Die Parteien streiten um die Wirksamkeit einer fristlosen Kündigung.

Der Kläger ist 30 Jahre alt. Er war seit dem 29.06.2017 bei der Beklagten als Zerspanungsmechaniker / Betriebsmittelbauer beschäftigt. Vereinbarungsgemäß erhielt er zuletzt ein Bruttomonatsentgelt in Höhe von 2.785,00 EUR. Bei der Beklagten sind mehr als 200 Beschäftigte tätig, ein Betriebsrat ist gewählt.

Der Kläger war am 21.05.2019 zur Frühschicht eingeteilt, die um 6:00 Uhr beginnt. Erst um 6:40 Uhr betrat der Kläger das Betriebsgelände. Dabei unterließ er es, sich in das Zeiterfassungssystem einzustempeln. Später beantragte er mit einem dafür vorgesehenen Formular eine Arbeitszeitkorrektur. Auf dem besagten Formular gab er an, von 6:00 Uhr bis 14:45 Uhr gearbeitet zu haben. Nachdem dieses Verhalten offenkundig geworden war, sprach die Beklagte dem Kläger gegenüber eine Abmahnung aus.

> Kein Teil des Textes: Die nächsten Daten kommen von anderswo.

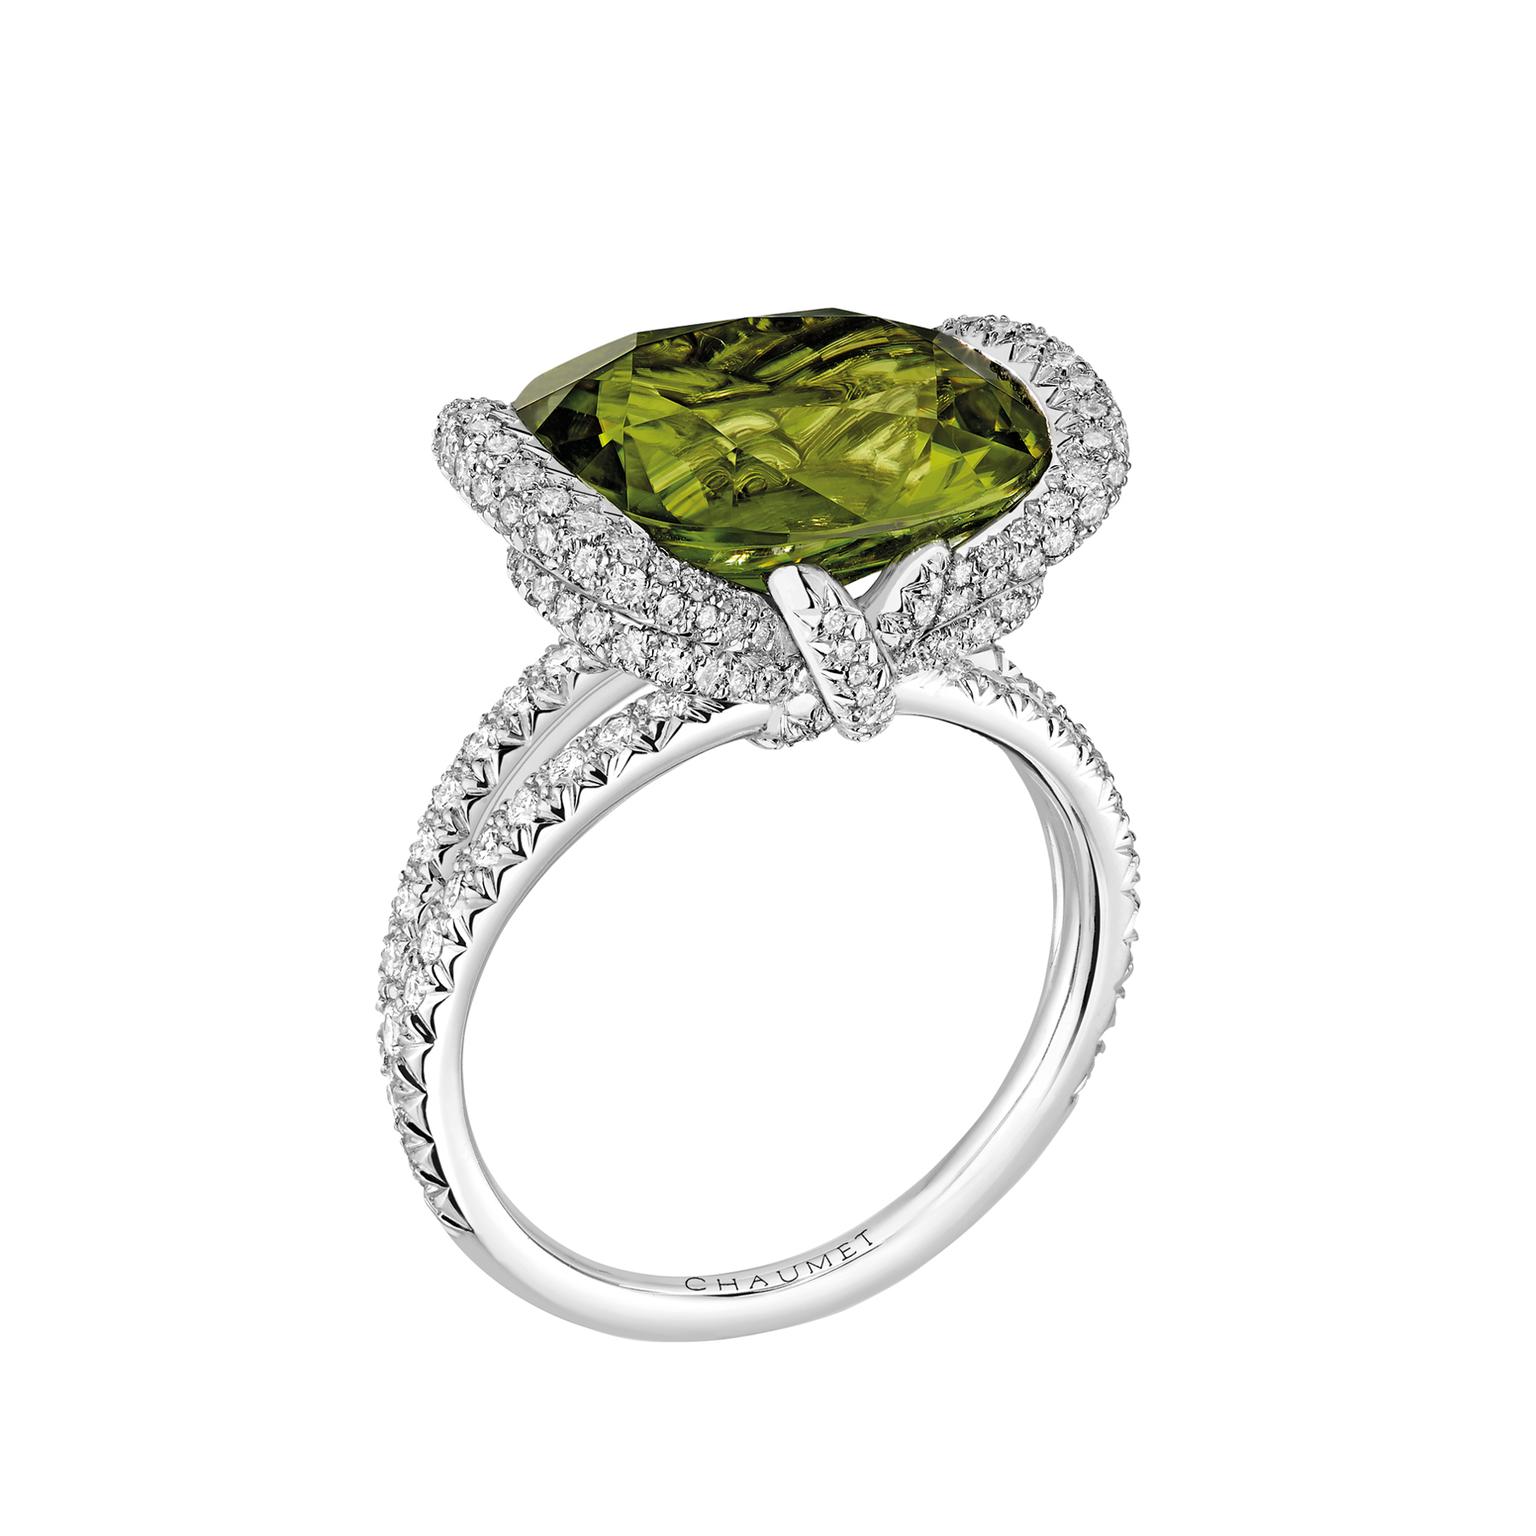 Chaumet Liens d'Amour peridot ring

Im Herbst des Jahres 2019 wurde im Betrieb der Beklagten eine außerordentliche Betriebsratswahl eingeleitet, im Rahmen derer der Kläger als Wahlbewerber auftrat. Für zwei Tage, nämlich für den 31.10.2019 und den 04.11.2019, stellte der Kläger erneut fehlerhafte – also von der tatsächlich geleisteten Arbeitszeit abweichende – Anträge auf Arbeitszeitkorrekturen. Diese begründete er auf den Korrekturformularen unzutreffend mit „Karte vergessen“ bzw. „Stempelfehler“. Am 11.11.2019 wurde der Kläger durch die Beklagte zum Vorwurf angehört, er habe durch die fehlerhaften Korrekturanträge über den Umfang der von ihm geleisteten Arbeitszeit getäuscht. Am 12.11.2019 beantragte die Arbeitgeberin beim Betriebsrat die Zustimmung zu der von ihr beabsichtigten fristlosen Kündigung. Zwei Tage später stimmte der Betriebsrat antragsgemäß zu. Mit Schreiben vom 18.11.2019, am selben Tage beim Kläger zugegangen, kündigte die Beklagte das Arbeitsverhältnis fristlos.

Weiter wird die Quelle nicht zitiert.